Mining for rare earth metals in some of the deepest parts of the ocean could lead to the extinction of creatures living in the abyss, researchers have warned. By analyzing the lives of worms living at the bottom of the Clarion Clipperton Fracture Zone (CCFZ), in the Eastern Pacific, the team discovered these animals are highly sensitive to changes in the environment, so may not survive activities disturbing their habitat.
Rare earth metals are a group of 17 chemical elements that while relatively abundant, are rarely found in concentrations high enough to be easily extracted. Over recent decades they have become increasingly important. Rare earth metals are now crucial to many technology industries, including the manufacturing of smart phones and car batteries. They are also critical to national defense, being used to make night-vision goggles, communication equipment and GPS devices.
As land-based reserves are depleted and demand increases, other parts of the planet are now being looked at for their potential—the bottom of the ocean.
Rare earth metals are known to be abundant in polymetallic nodules. These are layers of iron and manganese hydroxides that form on the seafloor. This has made them of great interest to businesses looking to exploit this resource.
The CCFZ, which sits over 2.5 miles beneath the surface of the ocean, has the largest known reserve of polymetallic nodules. It spans an area covering over 1.7 million square miles. It is currently being explored for its mining potential by nations across the world, including China, Russia, the U.K., France and Germany, among others, according to a 2018 report from the French Institute of International Relations.
Scientists are now taking part in a research project to better understand the biological baseline of the CCFZ so they can assess the potential impact of mining activities in the region. Lara Macheriotou, from Ghent University, Belgium, is part of a team looking at this impact.
"One only has to look at the rate of human population growth to get a notion of how the demand for rare earth metals is rising, and will continue to rise," she told Newsweek in an email. "These metals are used not just in our personal devices such as smartphones, computers and hybrid cars, but also in the technologies being developed to reduce our dependency on nonrenewable energy sources, such as solar panels and wind turbines."
Macheriotou and colleagues have now published a study in the Proceedings of the Royal Society B: Biological Sciences that examines the impact mining the CCFZ would have on nematode worms—the most abundant invertebrates of the CCFZ.
The team looked at how the worms live in their environment—with their survival driven by competition with other similar species, or because of their suitability to the environmental conditions. A species driven more by environmental conditions would be more sensitive to environmental changes than those structured by competition. Researchers examined nematode assemblages and distribution, assessing the patterns to see which of these parameters they are structured by, finding environmental conditions was key to the structure of their communities.
Macheriotou said she was not entirely surprised by these findings. She said at the low population densities coupled with the low level of nutrients available at the bottom of the CCFZ makes it hard to imagine a competition-led system.
If mining were to take place, the team says nematode worms would be at risk of extinction. "Local extinction of species with a narrow geographic distribution will likely be instantaneous following mining operations, depending on the size of the area affected," she said.
"The strongest impacts of deep-sea mining activities on nematode communities are predicted from 1.) the direct removal of the upper ~10 cm [3.9 inches] of sediment, which contains the majority of the assemblage 2.) blanketing of extensive areas by sediment that has been stirred up by the mining vehicle operations and 3.) sediment compaction due to the weight of the nodule collector.
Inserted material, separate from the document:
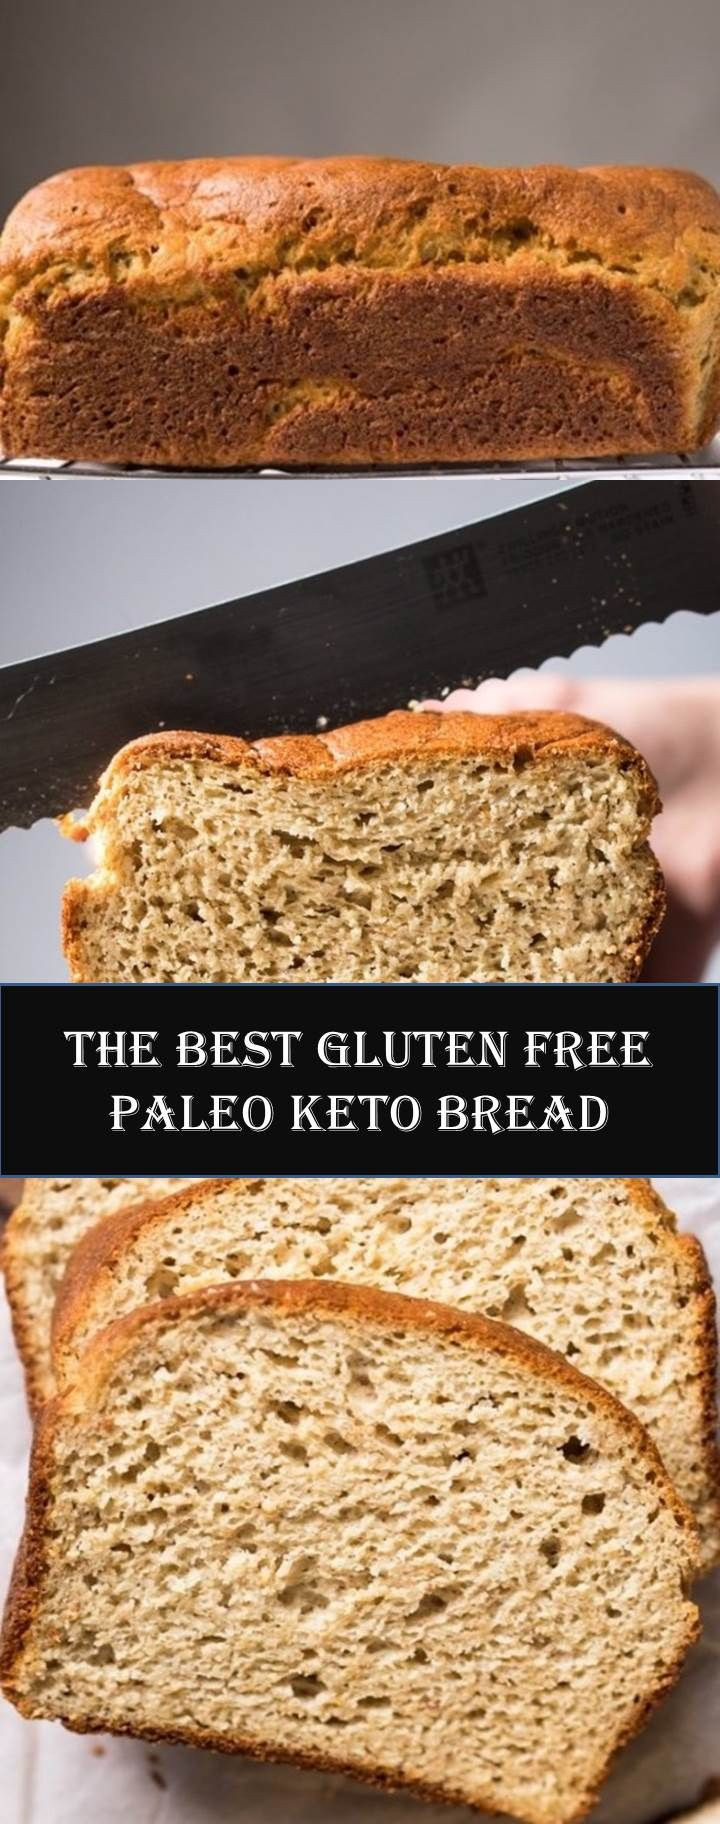 Keto Bread Almond Flour Bread Machine
 GLUTEN FREE PALEO KETO BREAD

All three will result in either immediate mortality, increased stress, displacement and overall perturbations to communities that have been stable for potentially hundreds of thousands of years."
Nematode worms are hugely important to the food web in the CCFZ, providing high quality food for larger animals in an area that is largely nutrient poor. What impact mining the CCFZ could have is hard to predict, she said, as it is one of the least explored ecosystems on the planet.
"What we can confidently say is that the local extinction of nematodes will bring about an overall reduction of biodiversity which will not be confined to just the nematodes but also to larger organisms as these biological components are interlinked."
Terrestrial sources for rare earth metals have not yet been exhausted, but they are becoming rarer and requiring deeper and more numerous mines. This, Macheriotou says, comes with severe environmental and socio-economic impacts. Asked whether mining the CCFZ should go ahead, she said the desire to keep pristine ecosystems intact is set against the realities of the industry.
"[I] cannot turn a blind eye to the insufferable working conditions imposed on mine workers across the globe, nor the environmental destruction these operations are causing," she said. "We are at a moment now where industrial interest and scientific concern are involved in a conversation, something which has never happened before. It is an unprecedented opportunity to define 'best practices' and to set up monitoring frameworks that will ensure the longevity of these deep-sea ecosystems; in this way, deep-sea mining may offer an alternative that is free of human cost, and thus worthy of consideration."
The team is now continuing its work assessing the impact of mining at the CCFZ. Now they have collected data, they hope to identify how it will be disturbed and recover from any activities.